Like PARP-1, SIRT1 has also been shown to interact with NMNAT-1 and
recruit NMNAT-1 to its target gene promoter (Figure 9A).[62] Depletion of NMNAT-1 results
in the alteration of SIRT1 histone deacetylase activity and downstream
gene expression, suggesting that nuclear NAD+ synthesis
by NMNAT-1 is required for SIRT1 to regulate target gene expression.[62] Moreover, NMNAT-1 also interacts with the nucleolar
protein nucleomethylin (NML), which forms a complex with SIRT1 to
regulate rRNA (rRNA) synthesis.[63] Taking
into account the role of PARP-1 in rRNA transcription (see below),
accessibility toward NMNAT-1 could be a mechanism by which cells coordinate
NAD+-dependent enzymes for the regulation of both mRNA
and rRNA transcription.While the competition for NAD+ or NMNAT-1 might influence
PARP-1 and SIRT1 activity, direct crosstalk between these enzymes
has been proposed as another layer of regulatory mechanism. So far,
there is no clear evidence that PARP-1 PARylates SIRT1; however, deacetylation
of PARP-1 by SIRT1 has been demonstrated (Figure 9C). Acetylation of PARP-1 was reported in macrophages and
cardiomyocytes in the context of NF-kB-dependent immune and stress
responses, respectively.[64] Acetylation
activates PARP-1 independent of DNA damage, and SIRT1 inhibits PARP-1
activation by deacetylation.[64b] Interestingly,
increasing NAD+ concentration inhibits the PARP-1–SIRT1
interaction in vitro, suggesting that SIRT1-dependent PARP-1 regulation
might occur when NAD+ is the limiting factor.[64b] Altogether, these studies indicate that NAD+ signaling in the cell is tightly regulated by functional
interplay between NAD+ synthesis and consumption as well
as by crosstalk between the enzymes involved in these biological processes.

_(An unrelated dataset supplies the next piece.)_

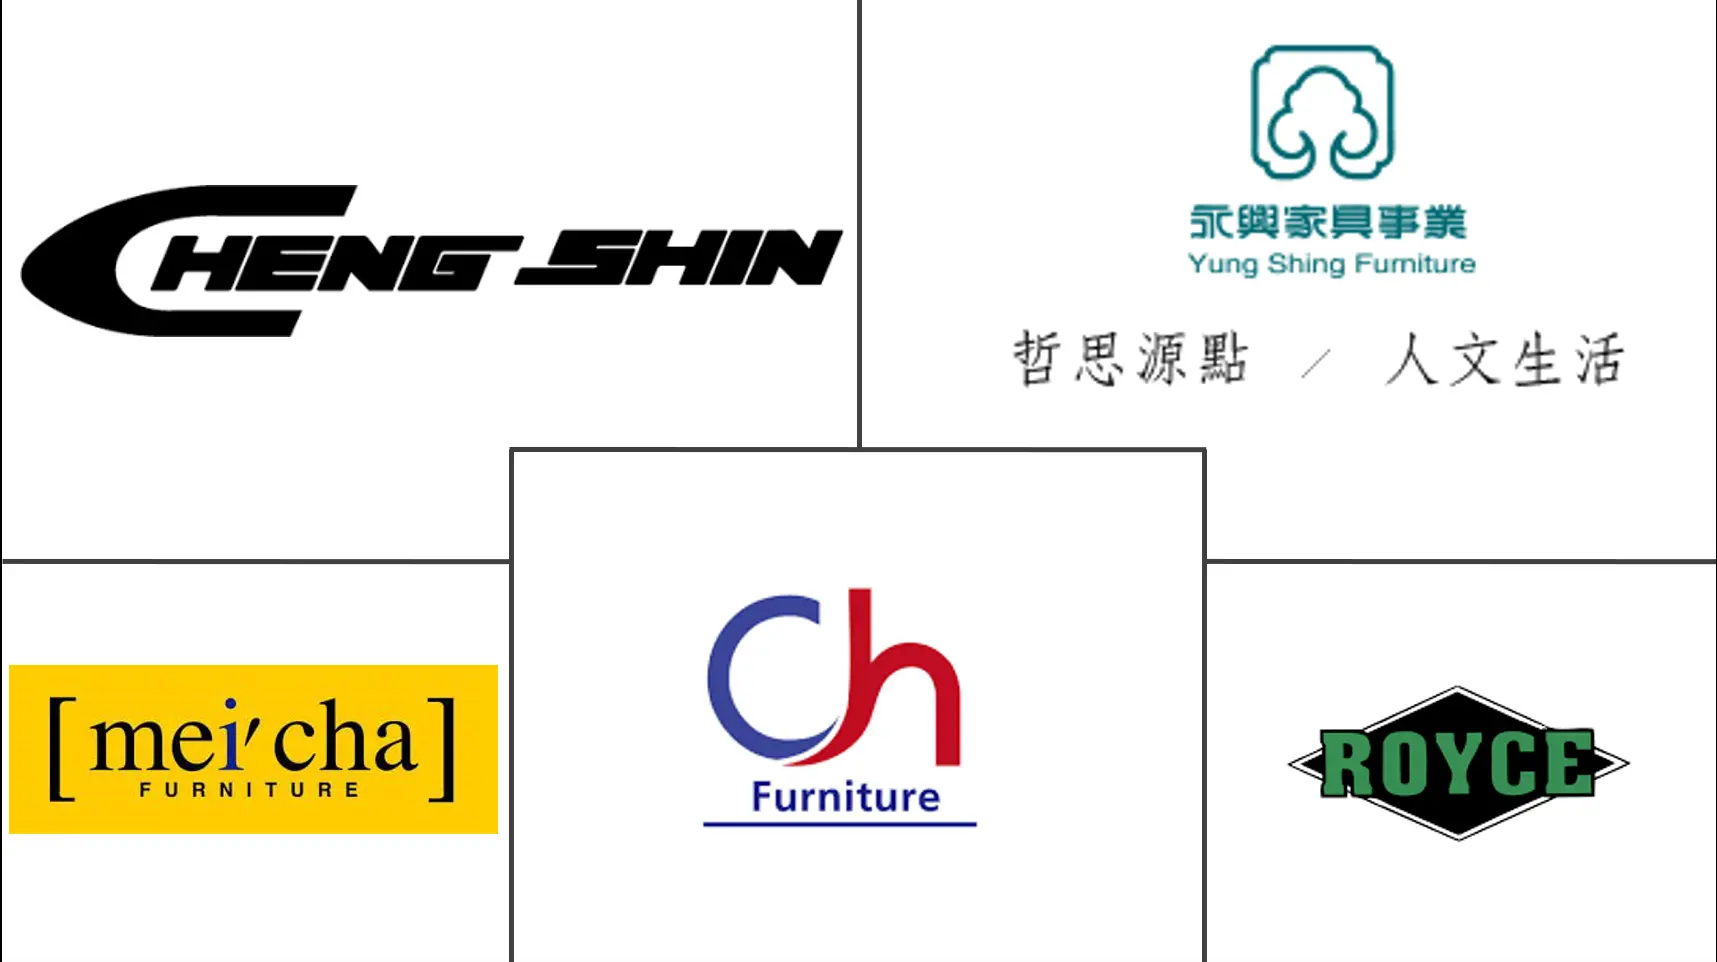 Taiwan Home Furniture Market Major Players

Overview of the Roles of PARPs in the Regulation of Gene
Expression
Over the first four decades of studies into the
functions of PAR
and PARPs, the major emphasis by far has been on their role in DNA
damage detection and repair processes.[11a,65] While these
studies have been fruitful and have revealed many interesting aspects
regarding the functions of PAR and PARPs, they have missed some important
aspects of the biology. Over the past two decades, a growing literature
has revealed an important role for PARP-1 family members, with an
emphasis on PARP-1, in the regulation of chromatin, transcription,
and gene expression.[7b,9,11b,11d,66] Most recently,
an emerging literature has implicated PARPs in another aspect of gene
regulation, RNA biology.[4,67] Thus, the three major
molecular roles of PARP family members characterized to date are (1)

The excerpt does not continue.